Testing Best Practices

Unit Testing with Mocking

Create testable code with proper mocking:
import unittest
from unittest.mock import Mock, patch
from perplexity import Perplexity
from perplexity.types import SearchCreateResponse, SearchResult

class TestPerplexityIntegration(unittest.TestCase):
    def setUp(self):
        self.mock_client = Mock(spec=Perplexity)
        
    def test_search_success(self):
        # Mock successful response
        mock_result = SearchResult(
            title="Test Result",
            url="https://example.com",
            snippet="Test snippet"
        )
        
        mock_response = SearchCreateResponse(
            query="test query",
            results=[mock_result]
        )
        
        self.mock_client.search.create.return_value = mock_response
        
        # Test your application logic
        result = self.mock_client.search.create(query="test query")
        
        self.assertEqual(result.query, "test query")
        self.assertEqual(len(result.results), 1)
        self.assertEqual(result.results[0].title, "Test Result")
    
    @patch('perplexity.Perplexity')
    def test_rate_limit_handling(self, mock_perplexity_class):
        # Mock rate limit error
        mock_client = Mock()
        mock_perplexity_class.return_value = mock_client
        mock_client.search.create.side_effect = perplexity.RateLimitError("Rate limited")
        
        # Test your error handling logic here
        with self.assertRaises(perplexity.RateLimitError):
            mock_client.search.create(query="test")

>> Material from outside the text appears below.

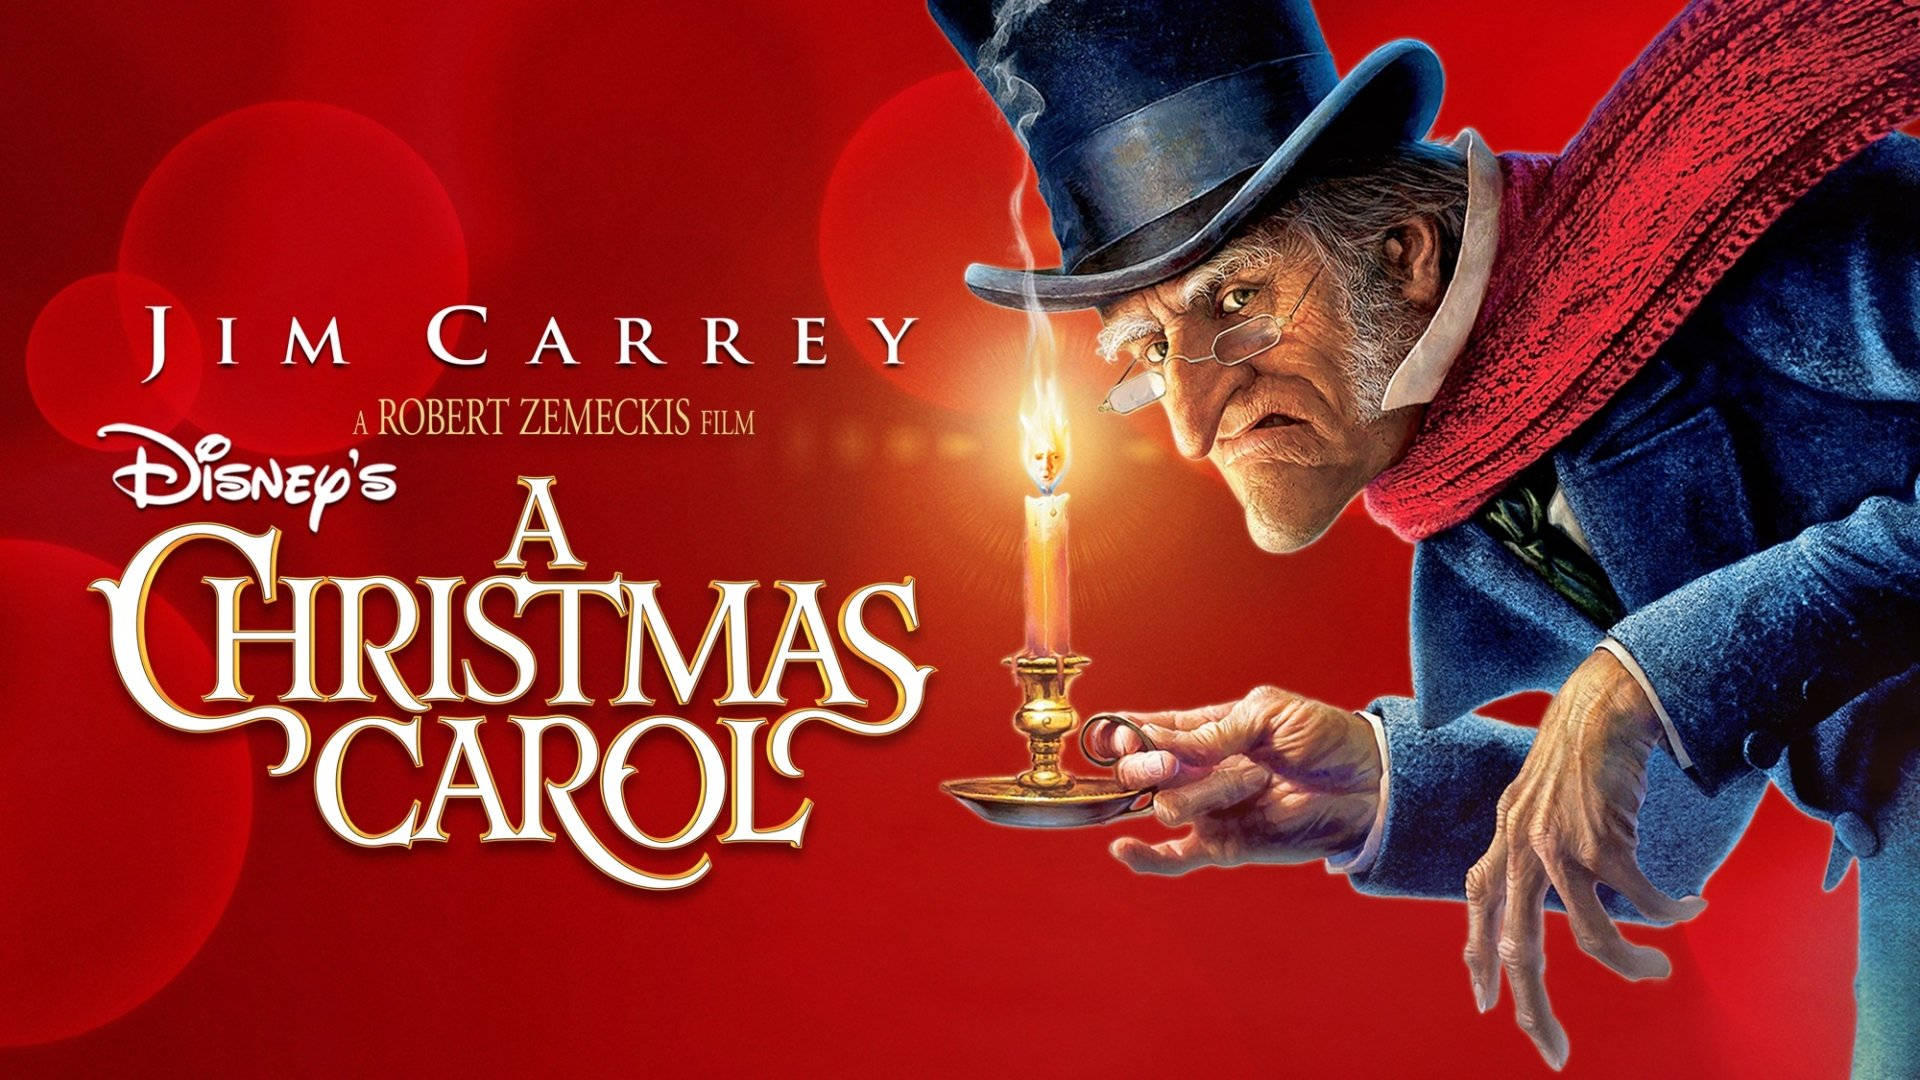 Jim Carrey A Christmas Carol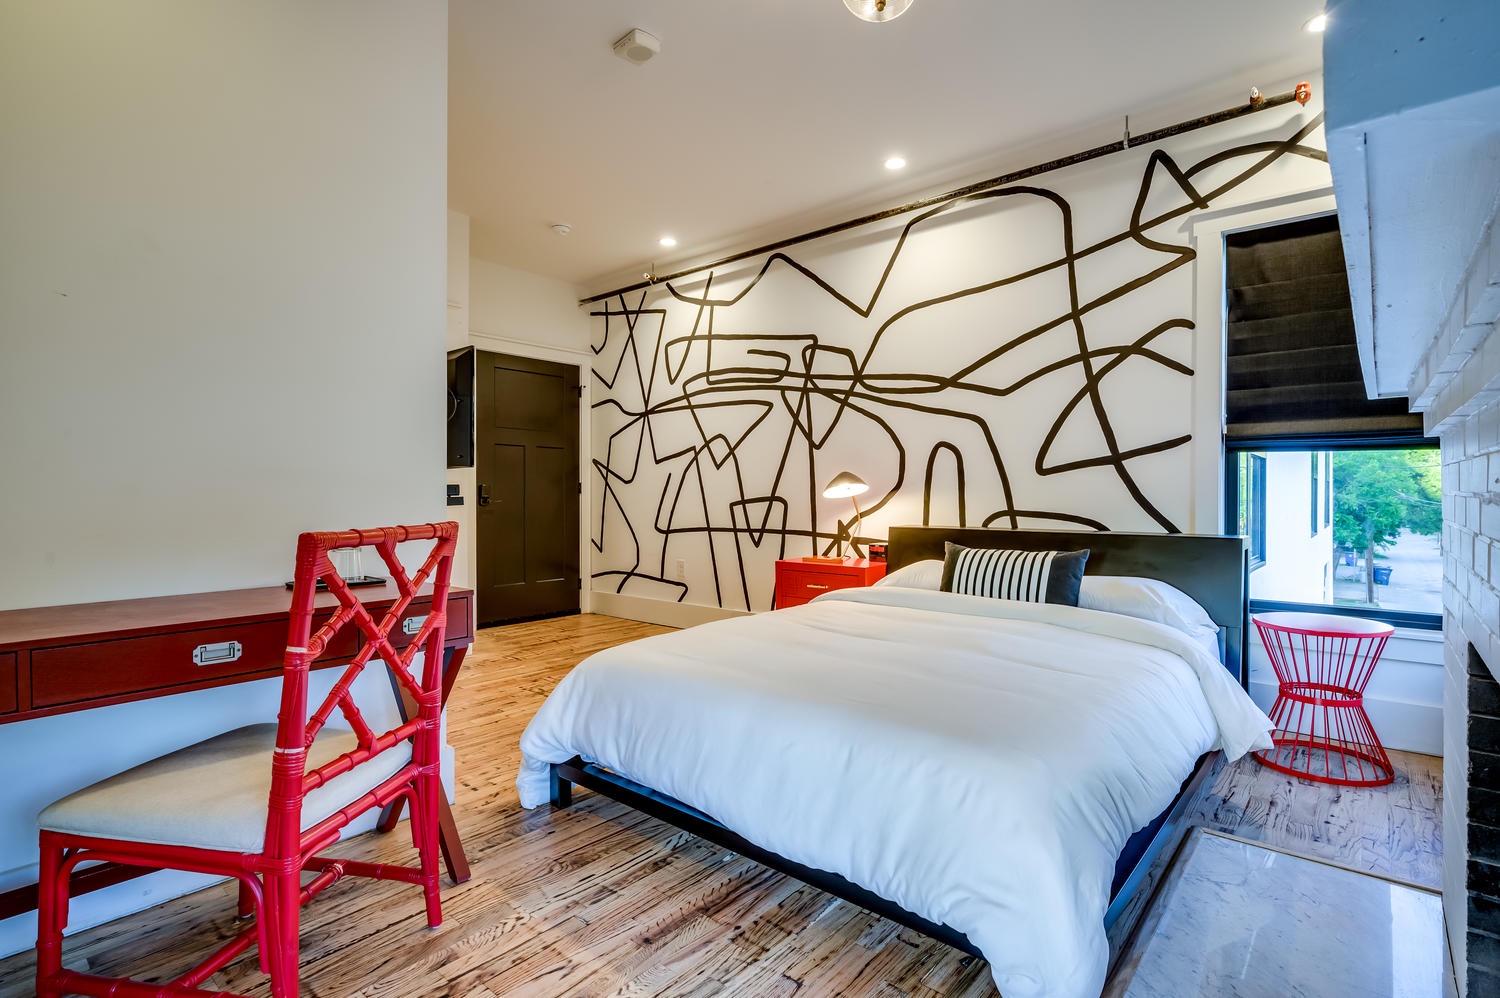 Suite 201 – The 2nd Floor Red, White & Black Suite boasts a Casper Queen Bed, Smart TV, and En Suite Bathroom

if __name__ == '__main__':
    unittest.main()

Performance Best Practices Summary

1

Use environment variables for configuration

Never hardcode API keys or configuration values.
2

Implement intelligent rate limiting

Use exponential backoff with jitter for retry strategies.
3

Configure connection pooling

Optimize HTTP client settings for your use case.
4

Monitor and log appropriately

Track performance metrics and error rates.
5

Implement graceful degradation

Provide fallback responses when APIs are unavailable.
6

Write testable code

Use dependency injection and mocking for unit tests.